Supplied information |
-- Opening Marker --

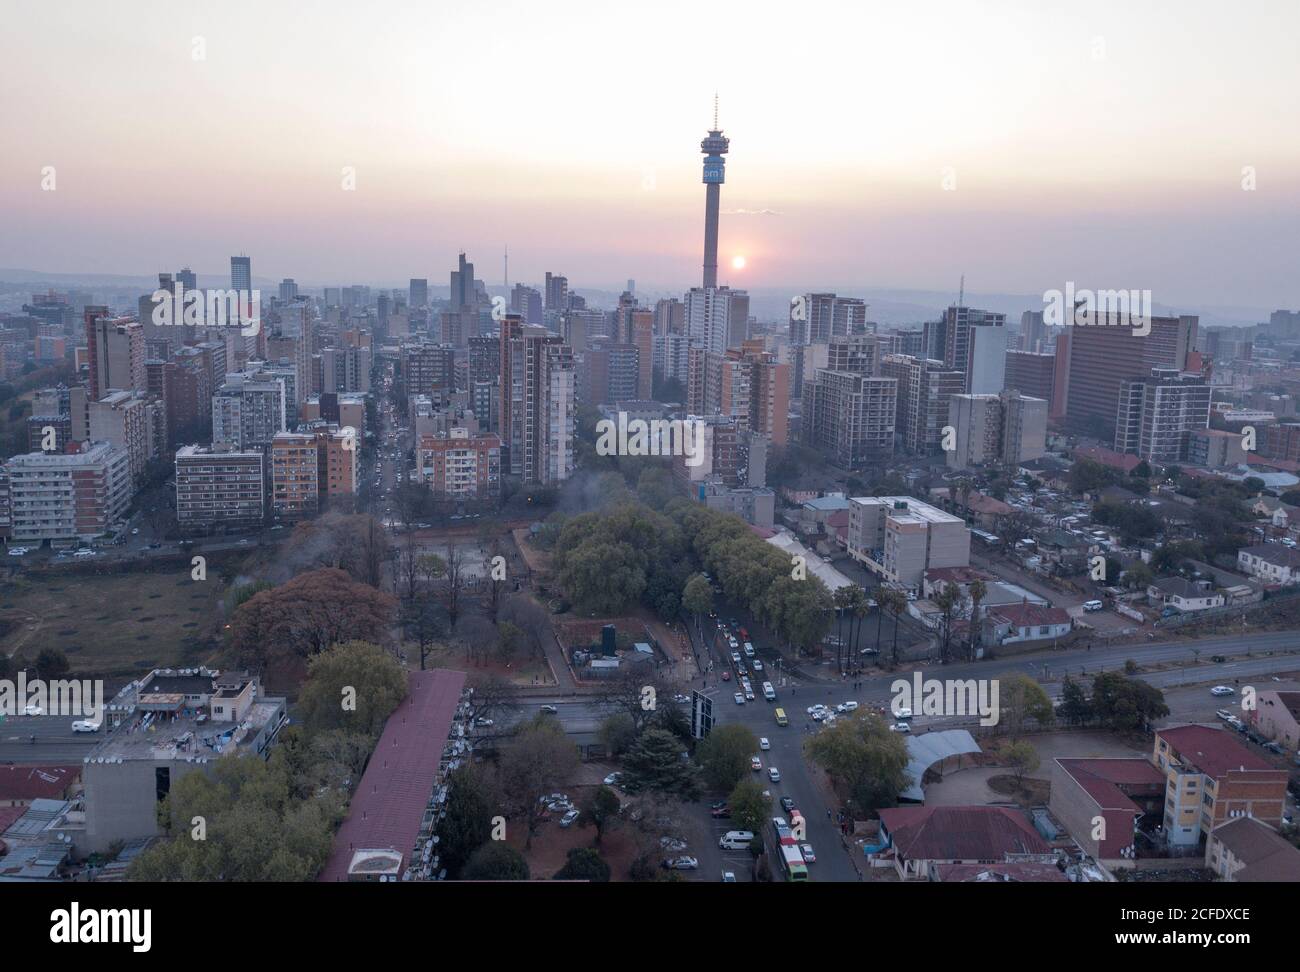 Vue aérienne du CBD de Johannesburg au coucher du soleil, Afrique du Sud Banque D'Images
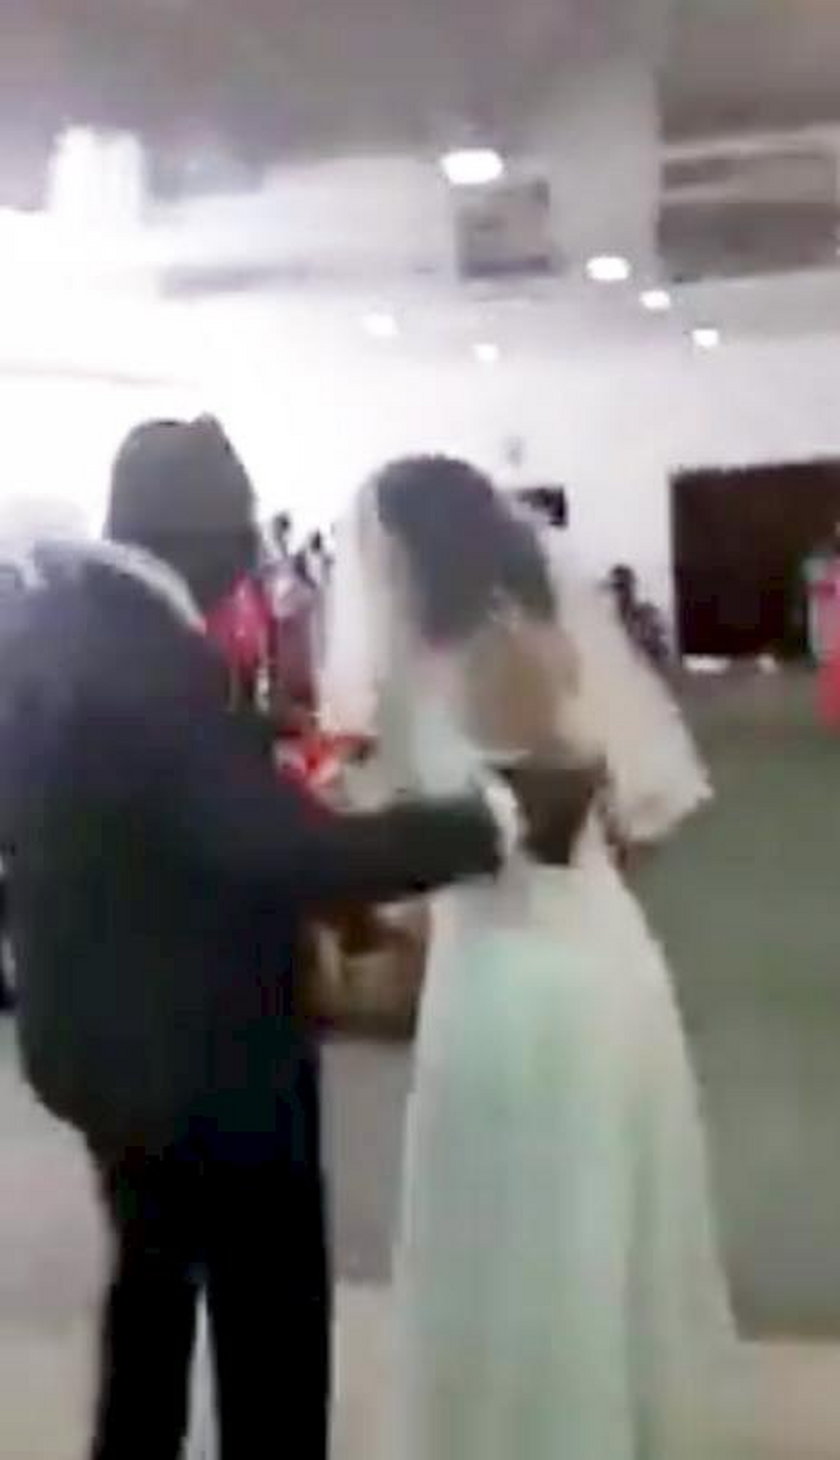 RPA: Skandal na ślubie. Do kościoła weszła kochanka pana młodego
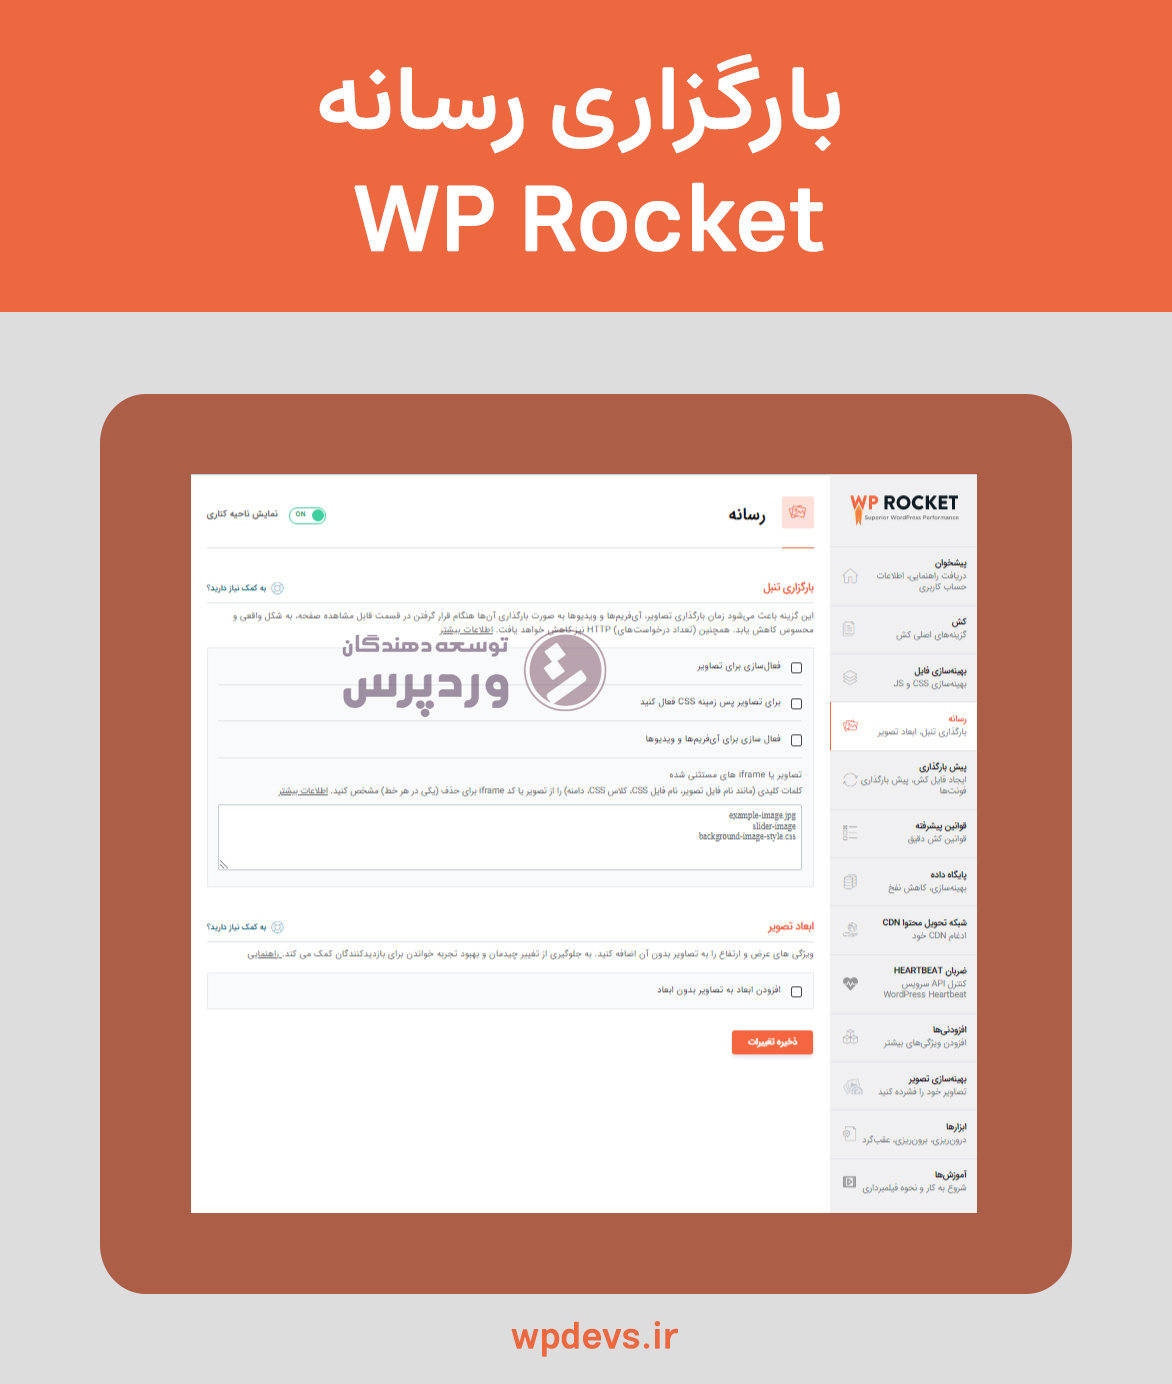 افزونه بهینه سازی و افزایش سرعت سایت wp rocket بارگزاری رسانه

-- Closing Marker --

Task statement | Repeat every line above exactly, minus the pictures.

Response area |
 Vue aérienne du CBD de Johannesburg au coucher du soleil, Afrique du Sud Banque D'Images
 RPA: Skandal na ślubie. Do kościoła weszła kochanka pana młodego
 افزونه بهینه سازی و افزایش سرعت سایت wp rocket بارگزاری رسانه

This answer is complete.